## EXERCISE DESCRIPTION
Reproduce exactly the line containing "stripe-detail leather passport case - 3" and each line after it until the listing ends, leaving pictures out.

(GIVEN MATERIAL begins)

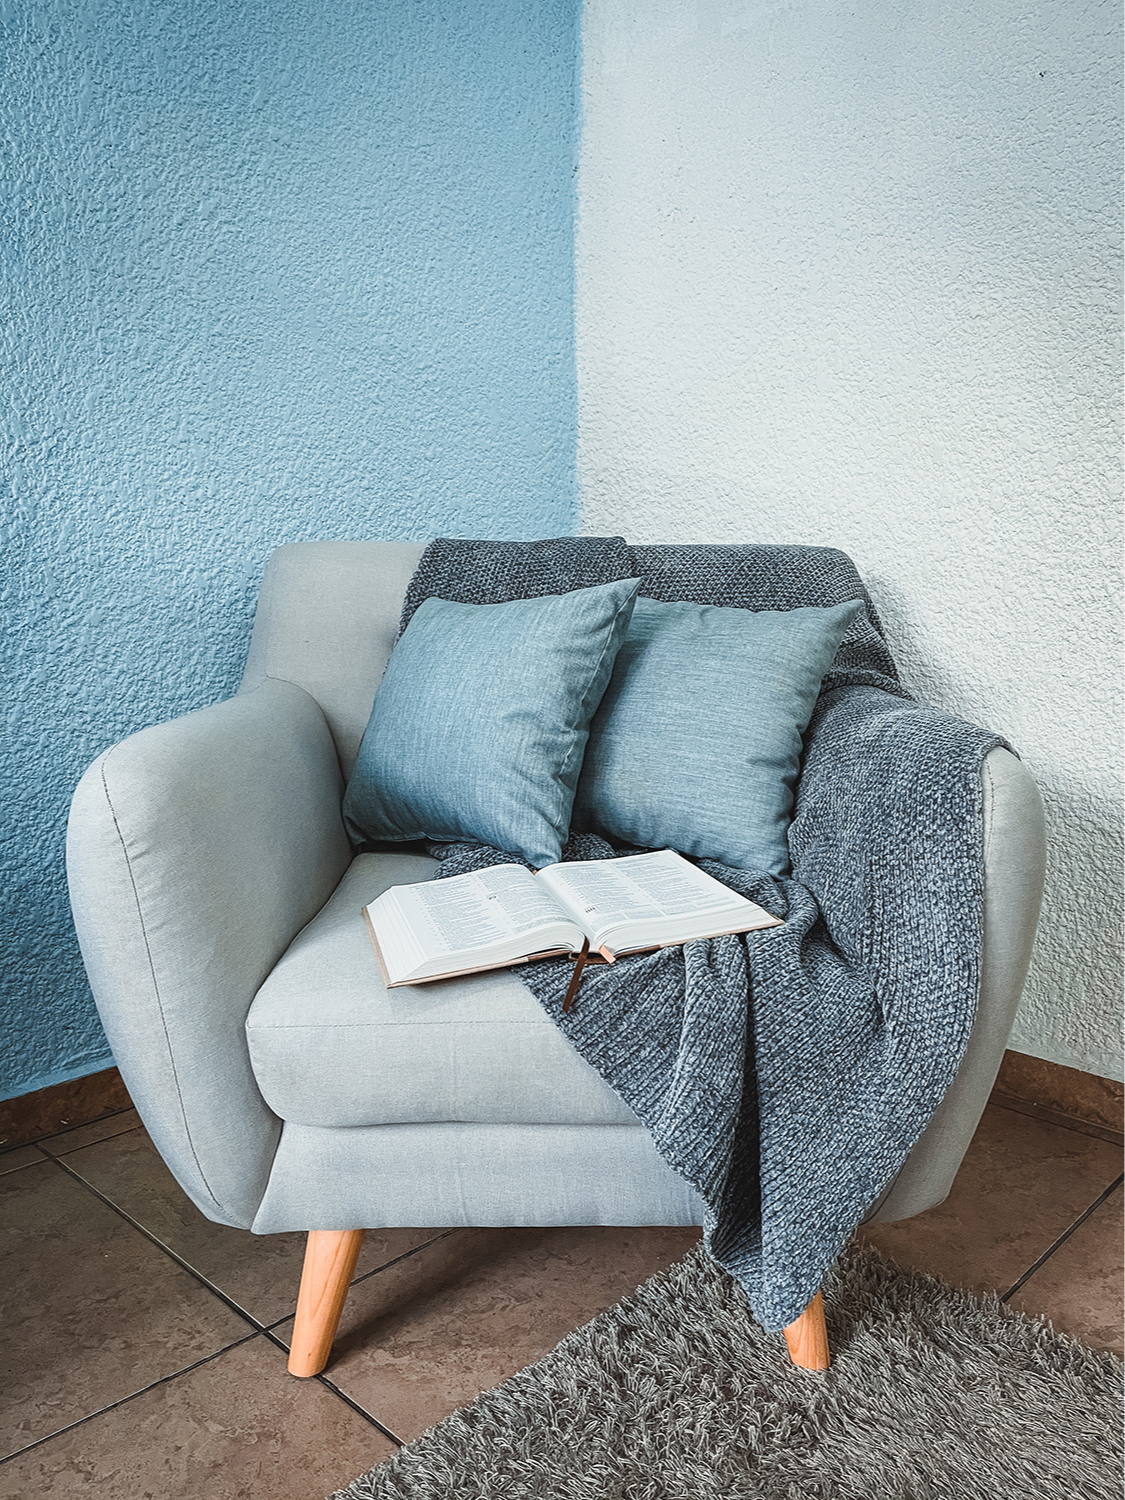 Чем заменить диван в гостиной: 6 необычных идей :: Дизайн :: РБКНедвижимость
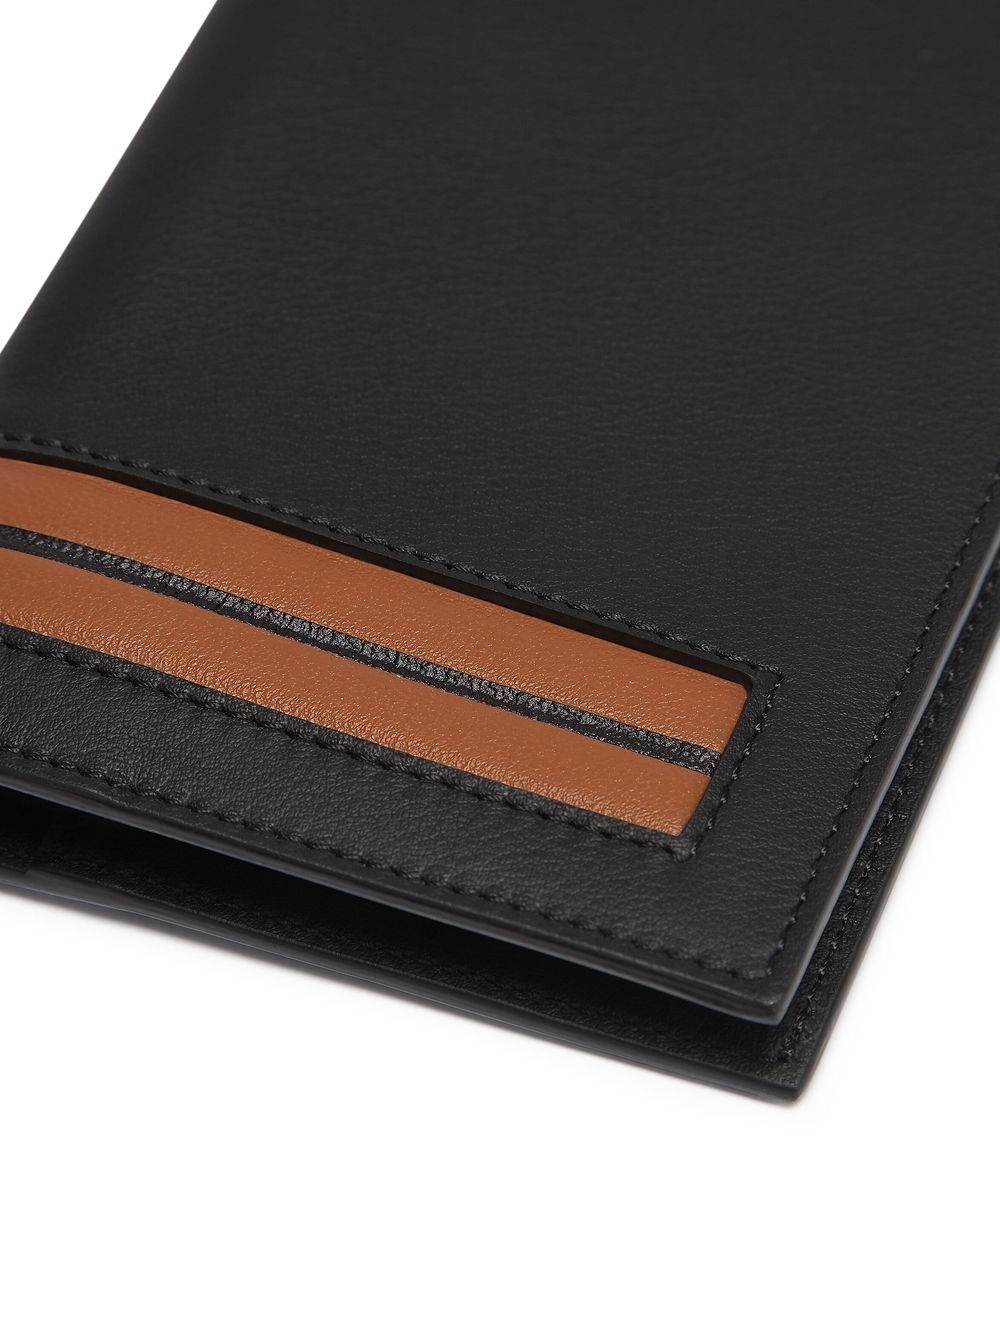 stripe-detail leather passport case - 3
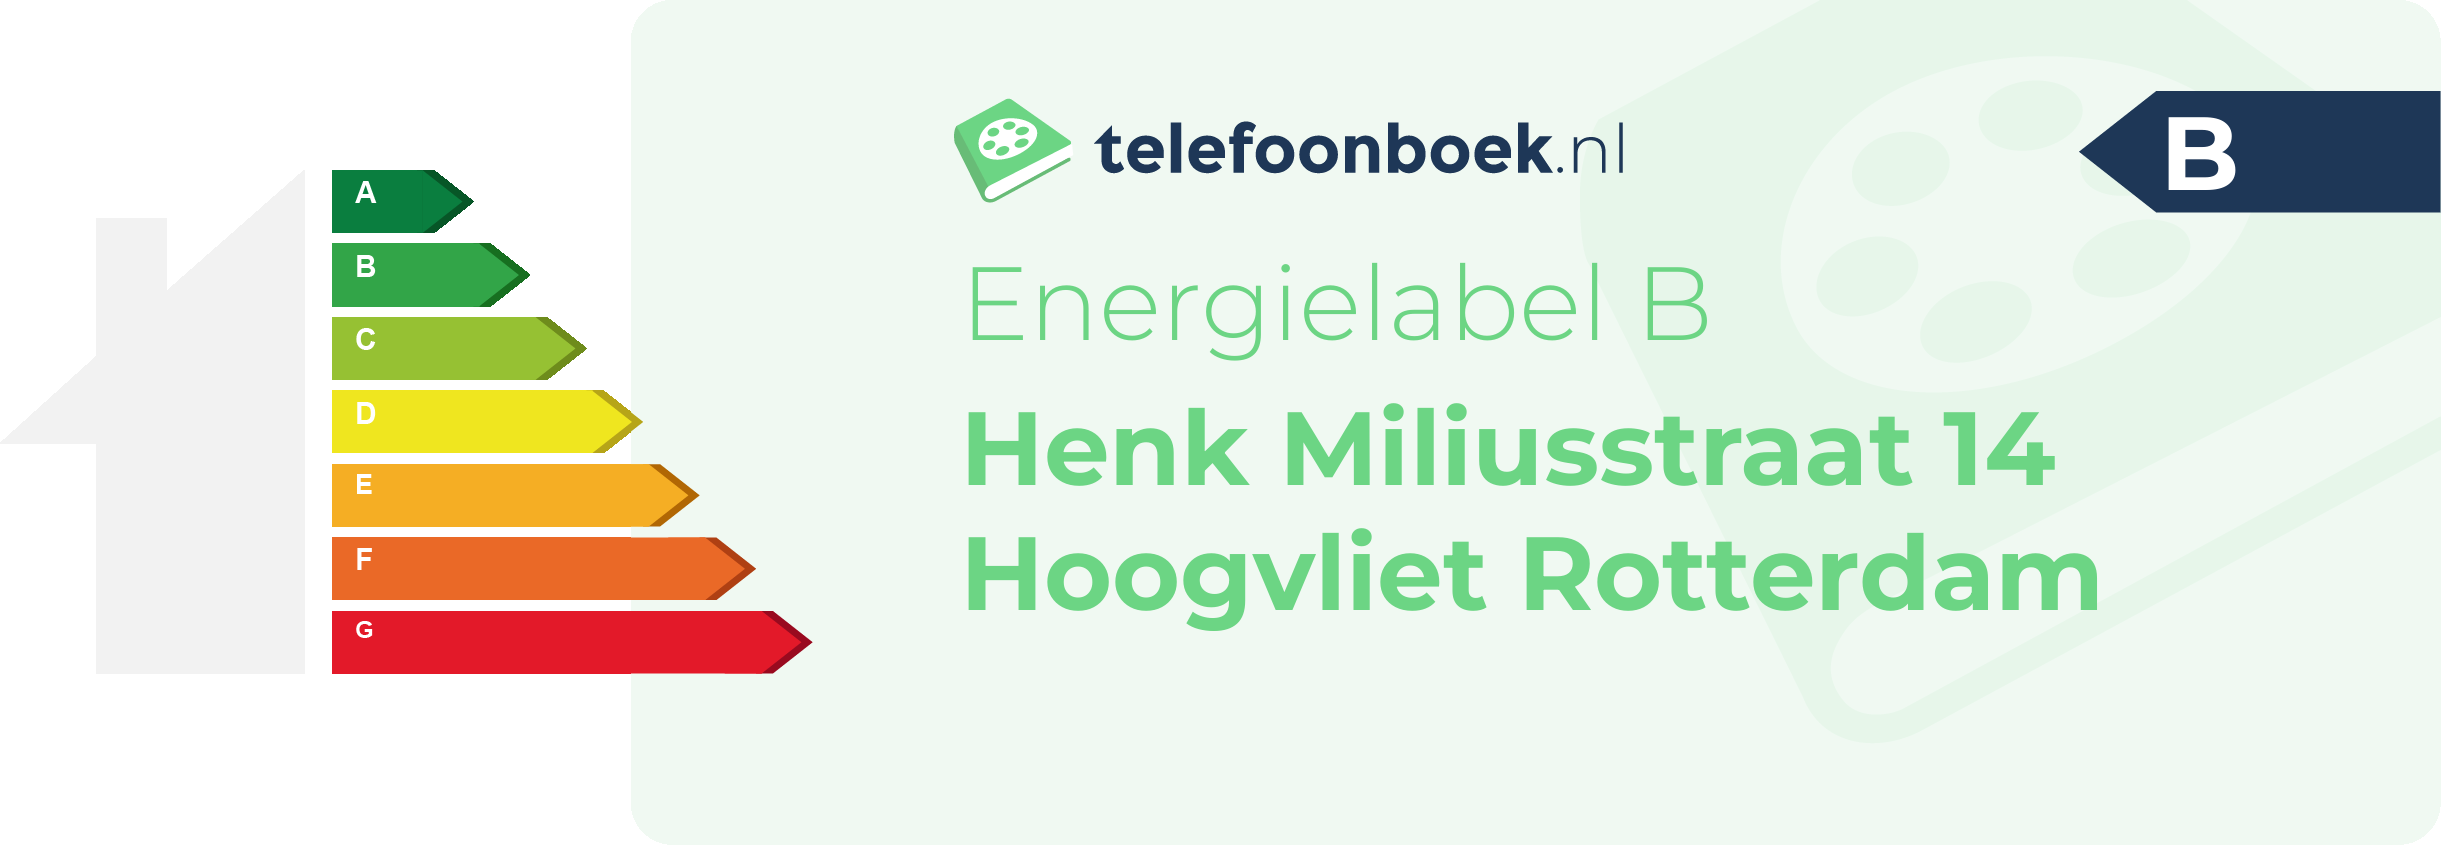 Energielabel Henk Miliusstraat 14 Hoogvliet Rotterdam

(GIVEN MATERIAL ends)

## YOUR RESPONSE
 stripe-detail leather passport case - 3
 Energielabel Henk Miliusstraat 14 Hoogvliet Rotterdam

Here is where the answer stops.